A package is typically an archive file such as a Zip or "tar" file, including a manifest document which contains metadata and a description of the package contents. The IMS Content Package is a typical packaging standard. A package might also be a single document or media file that contains its own metadata, such as a PDF document with embedded descriptive metadata.
Package ingesters and package disseminators are each a type of named plugin (see Plugin Manager), so it is easy to add new packagers specific to the needs of your site. You do not have to supply both an ingester and disseminator for each format; it is perfectly acceptable to just implement one of them.
Most packager plugins call upon Crosswalk Plugins to translate the metadata between DSpace's object model and the package format.
More information about calling Packagers to ingest or disseminate content can be found in the Package Importer and Exporter section of the System Administration documentation.

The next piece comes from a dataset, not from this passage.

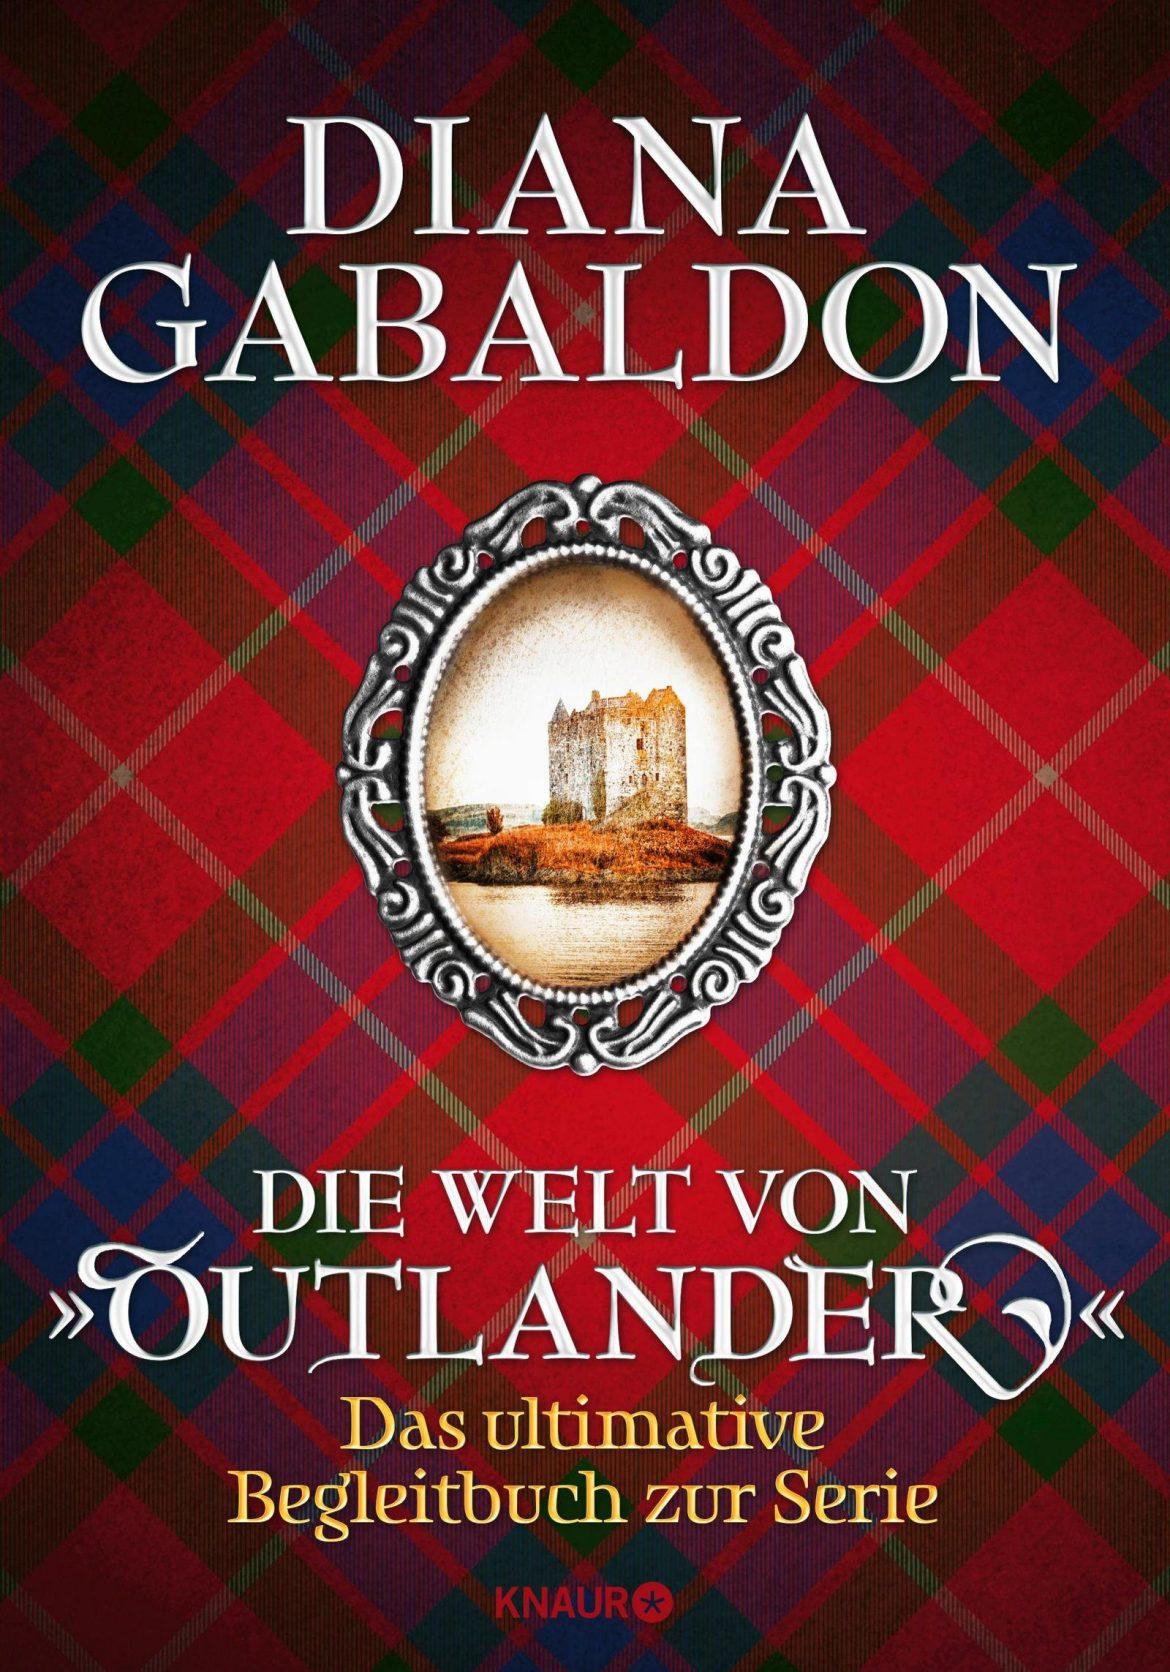 Diana Gabaldon - Die Welt von Outlander

Crosswalks are software modules that translate between DSpace object metadata and a specific external representation. An Ingestion Crosswalk interprets the external format and crosswalks it to DSpace's internal data structure, while a Dissemination Crosswalk does the opposite.
For example, a MODS ingestion crosswalk translates descriptive metadata from the MODS format to the metadata fields on a DSpace Item. A MODS dissemination crosswalk generates a MODS document from the metadata on a DSpace Item.
Crosswalk plugins are named plugins (see Plugin Manager), so it is easy to add new crosswalks. You do not have to supply both an ingester and disseminator for each format; it is perfectly acceptable to just implement one of them.
There is also a special pair of crosswalk plugins which use XSL stylesheets to translate the external metadata to or from an internal DSpace format. You can add and modify XSLT crosswalks simply by editing the DSpace configuration and the stylesheets, which are stored in files in the DSpace installation directory.
The Packager plugins and OAH-PMH server make use of crosswalk plugins.
In order to facilitate, as a primary objective, the opportunity for thesis authors to be supervised in the preparation of their e-theses, a supervision order system exists to bind groups of other users (thesis supervisors) to an item in someone's pre-submission workspace. The bound group can have system policies associated with it that allow different levels of interaction with the student's item; a small set of default policy groups are provided:
This functionality could also be used in situations where researchers wish to collaborate on a particular submission, although there is no particular collaborative workspace functionality.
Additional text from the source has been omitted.